The Transformer model is highly versatile in different application scenarios such as text, image, and video processing, which means that users can flexibly adjust the model's hyperparameters to suit a variety of tasks without significantly modifying the core model architecture.
In response to the customization needs of industry leaders, Etched has eliminated traditional reverse engineering challenges by opening up its software stack, from the driver to the kernel level, and giving engineers the ability to directly customize the Transformer layer to their specific needs, greatly improving the customizability and flexibility of the system.
In addition, by reducing the memory footprint, the Sohu chip increases the number of transistors used for data processing, and adopts a single large-scale core design, which effectively avoids the coordination overhead between multiple cores and further optimizes computing efficiency.
|The ASIC competitive landscape is open
At present, the competitive environment of the ASIC market is becoming increasingly open, especially reflected in the fact that large cloud service providers are actively participating in the accelerator race of AI technology through independent research and development or cooperative research and development. According to the latest financial report, Broadcom's network business revenue in the first quarter of fiscal 2024 increased significantly to $3.3 billion, an increase of 46%, which was mainly driven by the high demand for customized AI accelerators from two hyperscale customers.
By the end of fiscal 2024, AI-related businesses will raise the proportion of its total semiconductor revenue to 35% from its previous estimate of 25%, exceeding the revenue scale of $10 billion, of which about 70% is directly attributable to the sale of AI accelerator products.
Recent rumors have pointed out that ByteDance is working with Broadcom to develop an ASIC chip based on a 5nm process designed for AI, and plans to be produced by TSMC, but ByteDance has denied this.

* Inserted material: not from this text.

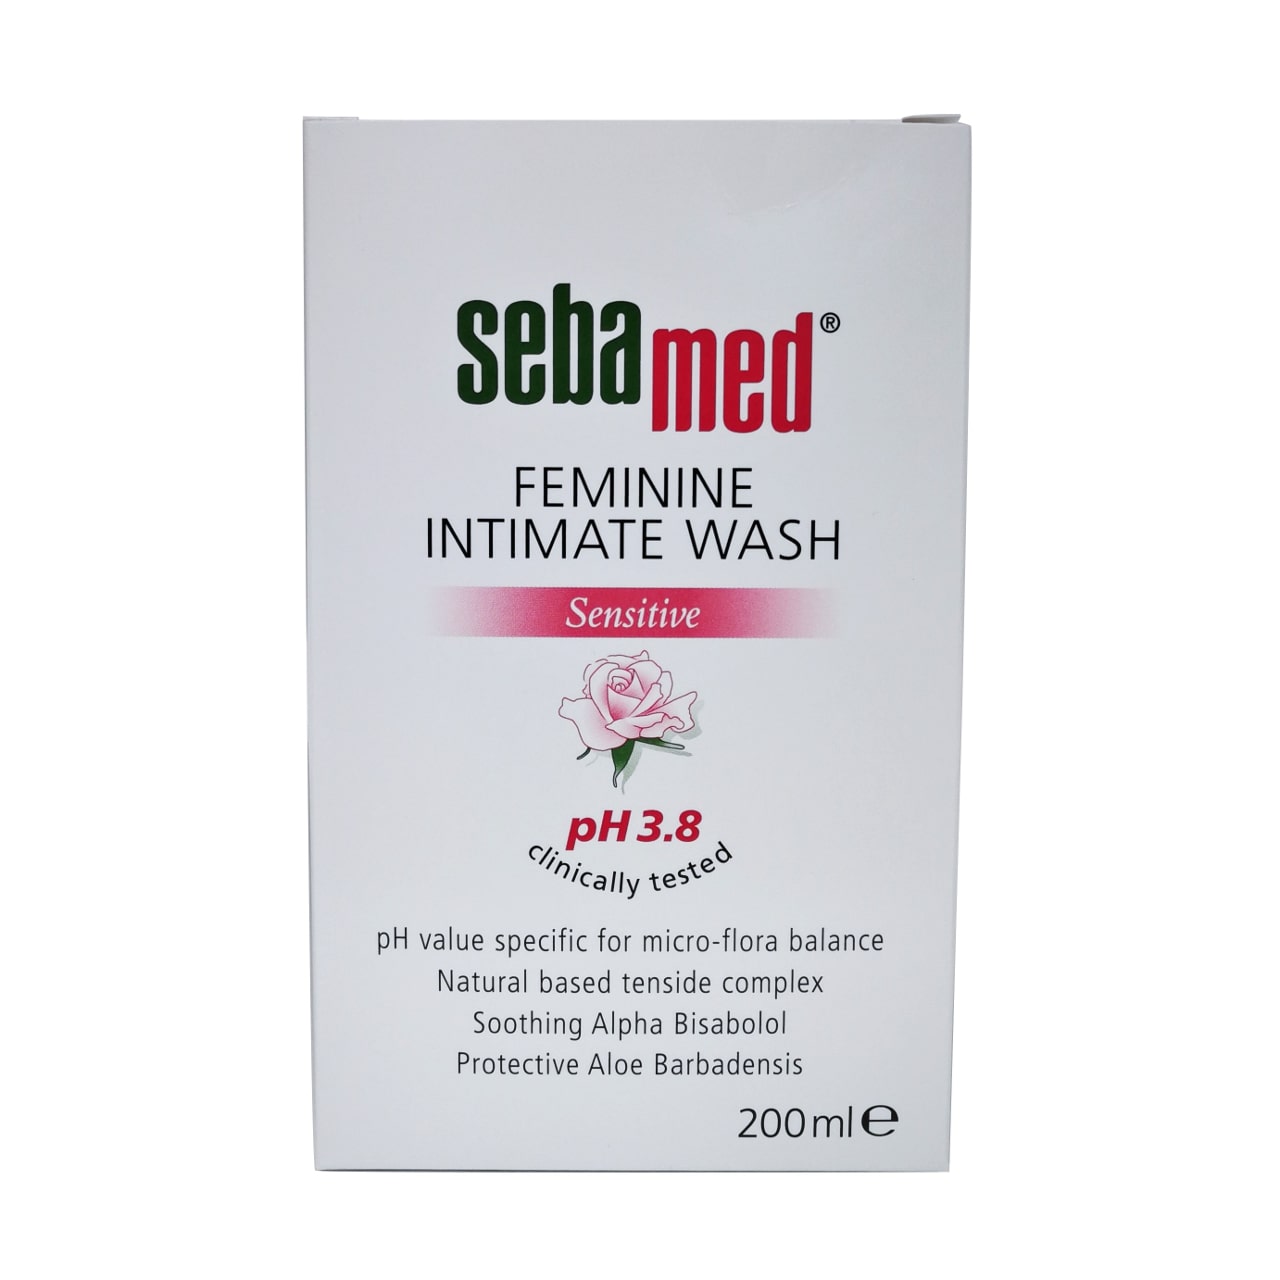 Product label for Sebamed Feminine Intimate Wash pH 3.8 in English

The wide application of ASIC chips and the reduction of computing power costs brought by them are the key paths to promote large-scale AI models to a wider range of industrial applications. Unlike the rapid establishment of ASICs in the Bitcoin space, the development path of AI chips is expected to be more complex and changeable, going through a cycle of multiple iterations and upgrades. This process includes: general-purpose GPUs first facilitate the exploration and initial formation of new models and algorithms, and then realize large-scale applications through specialized ASICs, driving the explosion of market demand, and the rich ecosystem will further attract users and innovators, giving rise to more advanced algorithms, and so on, gradually advancing until the vision of comprehensive artificial general intelligence (AGI) is realized.